Wijzigingen per 18 december 2023:

Correctie:
Vanwege een wijziging in de brondata van de studieschulden zijn bij het onderwerp Vermogen de cijfers van 2019 en 2020 aangepast.

Nieuwe cijfers:

Bouwen en wonen
Woningen naar eigendom: de definitieve cijfers van 2023 zijn toegevoegd.
Gemiddelde WOZ-waarde van woningen: de nader voorlopige cijfers van 2023 zijn toegevoegd, de cijfers van 2022 zijn definitief geworden.

Arbeid
Banen van werknemers: de nader voorlopige cijfers van 2021 en de voorlopige cijfers van 2022 zijn toegevoegd. De cijfers van 2020 zijn definitief geworden.

Inkomen en vermogen
De definitieve cijfers van 2021 en de voorlopige cijfers van 2022 zijn toegevoegd.

Nabijheid voorzieningen
De definitieve cijfers van 2022 zijn toegevoegd over de onderwerpen Huisartsenpost en Onderwijs (basisschool, vmbo, havo/vwo).


Wijzigingen per 29 september 2023:

Onder Bouwen en wonen zijn drie onderwerpen vervallen:
- waarde woningen, en waarde niet-woningen. De brontabel voor deze cijfers, Waarde onroerende zaken van woningen en niet-woningen 1997-2020, is stopgezet.
- woningen naar eigendom, huurwoningen. Dit onderwerp is vervallen en vervangen door twee nieuwe onderwerpen: Huurwoningen van woningcorporatie, en Huurwoningen van overige verhuurders. Zowel het vervallen onderwerp als de twee nieuwe onderwerpen komen uit de tabel Voorraad woningen; eigendom, type verhuurder, bewoning, regio. De nieuwe onderwerpen zijn beschikbaar vanaf 2009 tot en met 2022. Het zijn definitieve cijfers.
In paragraaf 3 staat een koppeling naar bovengenoemde tabellen.

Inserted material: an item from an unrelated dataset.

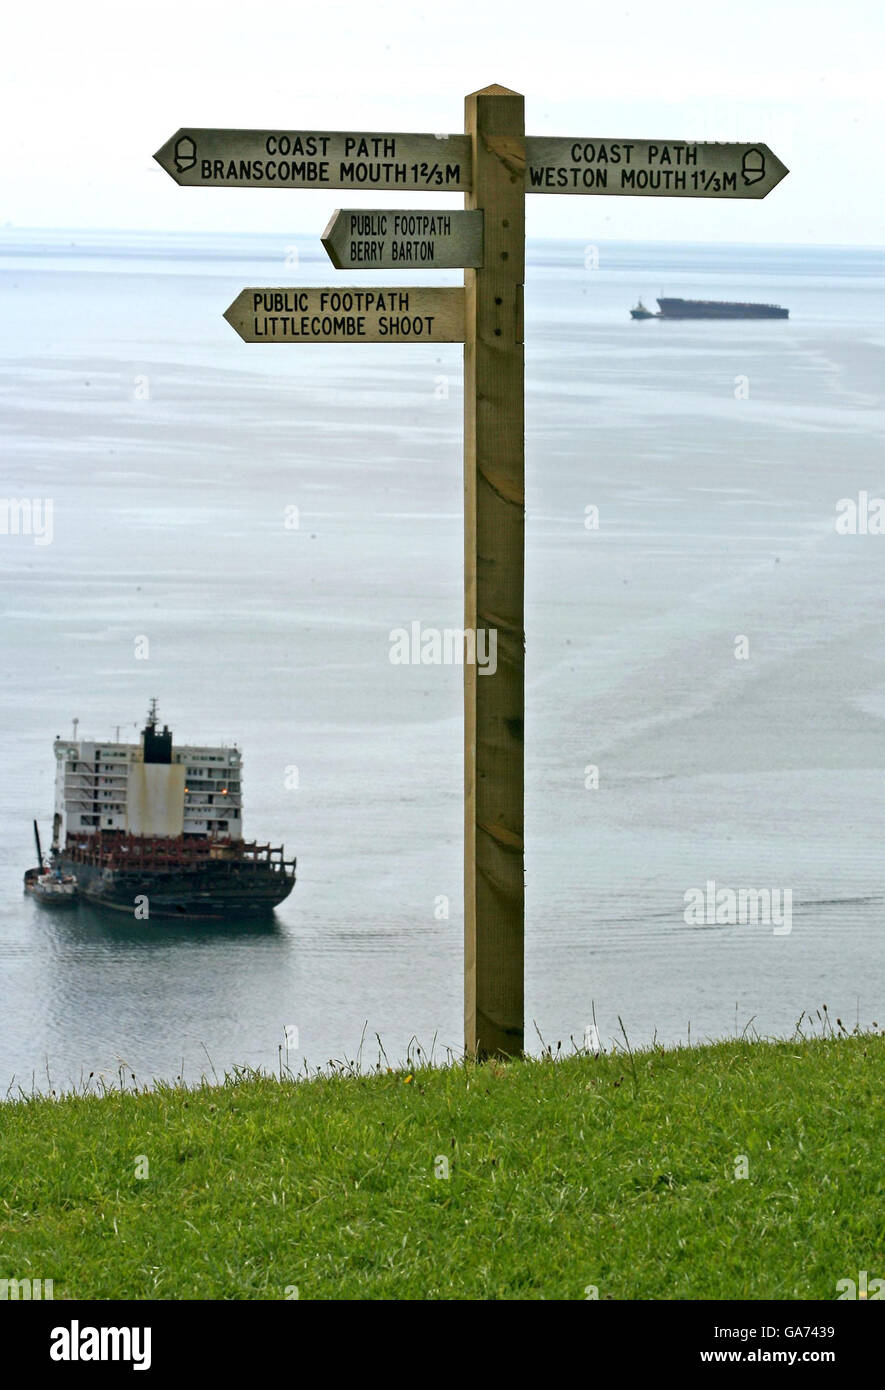 Un remorqueur de garde-côtes commence à remorquer la section de l'arc de la Napoli loin de la poupe restante, à la plage de Branscombe près de Sidmouth, Devon. Banque D'Images

Aan de reeks Bedrijfsvestigingen is het onderwerp O-Q Overheid, onderwijs en zorg toegevoegd. De voorlopige cijfers vanaf 2013 zijn vervangen door een reeks definitieve cijfers van 2013 tot en met 2021. De cijfers van 2022 en 2023 zijn voorlopig. Het totaal Bedrijfsvestigingen is nu ook inclusief O-Q Overheid, onderwijs en zorg.

Bij Lokalisering zijn de code en naam van vijf nieuwe regionale indelingen toegevoegd, met definitieve gegevens tot en met 2023:
Regionale Energiestrategie regio's, vanaf 2018;
Regionale Meld- en Coördinatiepunten, vanaf 2018;
SubRES-regio's, vanaf 2018;
Toeristengebieden (groepen), vanaf 2006;
Veilig Thuis regio's, vanaf 2020.

Verder zijn in deze tabel enkele onderwerptitels aangepast aan in andere tabellen gebruikte terminologie.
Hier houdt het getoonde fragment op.